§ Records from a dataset
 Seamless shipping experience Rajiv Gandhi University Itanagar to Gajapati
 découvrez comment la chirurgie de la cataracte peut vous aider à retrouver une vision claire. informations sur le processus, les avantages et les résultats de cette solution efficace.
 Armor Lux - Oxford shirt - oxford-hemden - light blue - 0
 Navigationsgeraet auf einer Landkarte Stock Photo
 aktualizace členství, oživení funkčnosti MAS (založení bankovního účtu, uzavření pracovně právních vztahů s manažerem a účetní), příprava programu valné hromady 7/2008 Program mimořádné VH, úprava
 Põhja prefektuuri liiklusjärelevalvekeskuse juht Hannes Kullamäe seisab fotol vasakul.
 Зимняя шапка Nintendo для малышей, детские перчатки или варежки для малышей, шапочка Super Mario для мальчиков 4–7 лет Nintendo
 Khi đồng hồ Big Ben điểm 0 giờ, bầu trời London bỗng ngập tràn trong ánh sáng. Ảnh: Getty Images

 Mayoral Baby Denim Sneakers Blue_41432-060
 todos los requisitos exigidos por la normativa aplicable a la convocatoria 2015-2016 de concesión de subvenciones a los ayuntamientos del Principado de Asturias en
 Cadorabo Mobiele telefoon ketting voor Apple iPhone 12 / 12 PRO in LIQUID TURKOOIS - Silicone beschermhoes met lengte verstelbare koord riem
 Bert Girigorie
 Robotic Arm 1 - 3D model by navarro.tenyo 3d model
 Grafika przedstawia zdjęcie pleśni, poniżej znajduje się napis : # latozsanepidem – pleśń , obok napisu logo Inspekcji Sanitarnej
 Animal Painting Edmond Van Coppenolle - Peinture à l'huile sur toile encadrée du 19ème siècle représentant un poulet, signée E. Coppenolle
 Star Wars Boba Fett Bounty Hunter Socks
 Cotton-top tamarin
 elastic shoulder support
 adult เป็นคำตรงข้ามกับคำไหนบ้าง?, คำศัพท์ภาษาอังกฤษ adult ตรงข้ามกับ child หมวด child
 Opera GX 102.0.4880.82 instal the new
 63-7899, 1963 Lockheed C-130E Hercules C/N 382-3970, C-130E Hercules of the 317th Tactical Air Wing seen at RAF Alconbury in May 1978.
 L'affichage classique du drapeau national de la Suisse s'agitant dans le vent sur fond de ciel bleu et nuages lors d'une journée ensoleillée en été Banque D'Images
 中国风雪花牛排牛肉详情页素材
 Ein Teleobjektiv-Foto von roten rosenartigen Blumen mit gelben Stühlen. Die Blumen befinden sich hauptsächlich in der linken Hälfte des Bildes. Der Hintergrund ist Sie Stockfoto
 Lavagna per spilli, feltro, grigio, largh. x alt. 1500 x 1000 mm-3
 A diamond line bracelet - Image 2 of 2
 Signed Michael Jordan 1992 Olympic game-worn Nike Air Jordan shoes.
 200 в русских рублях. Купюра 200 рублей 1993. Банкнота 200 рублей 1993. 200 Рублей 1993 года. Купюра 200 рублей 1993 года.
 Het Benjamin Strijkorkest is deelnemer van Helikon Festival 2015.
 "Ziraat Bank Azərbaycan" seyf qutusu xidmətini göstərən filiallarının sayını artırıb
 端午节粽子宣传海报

§ EXERCISE REQUIREMENTS
Report how many lines in the data contain the word "Images", with no words besides the number.

§ ANSWER TO THIS PROBLEM
2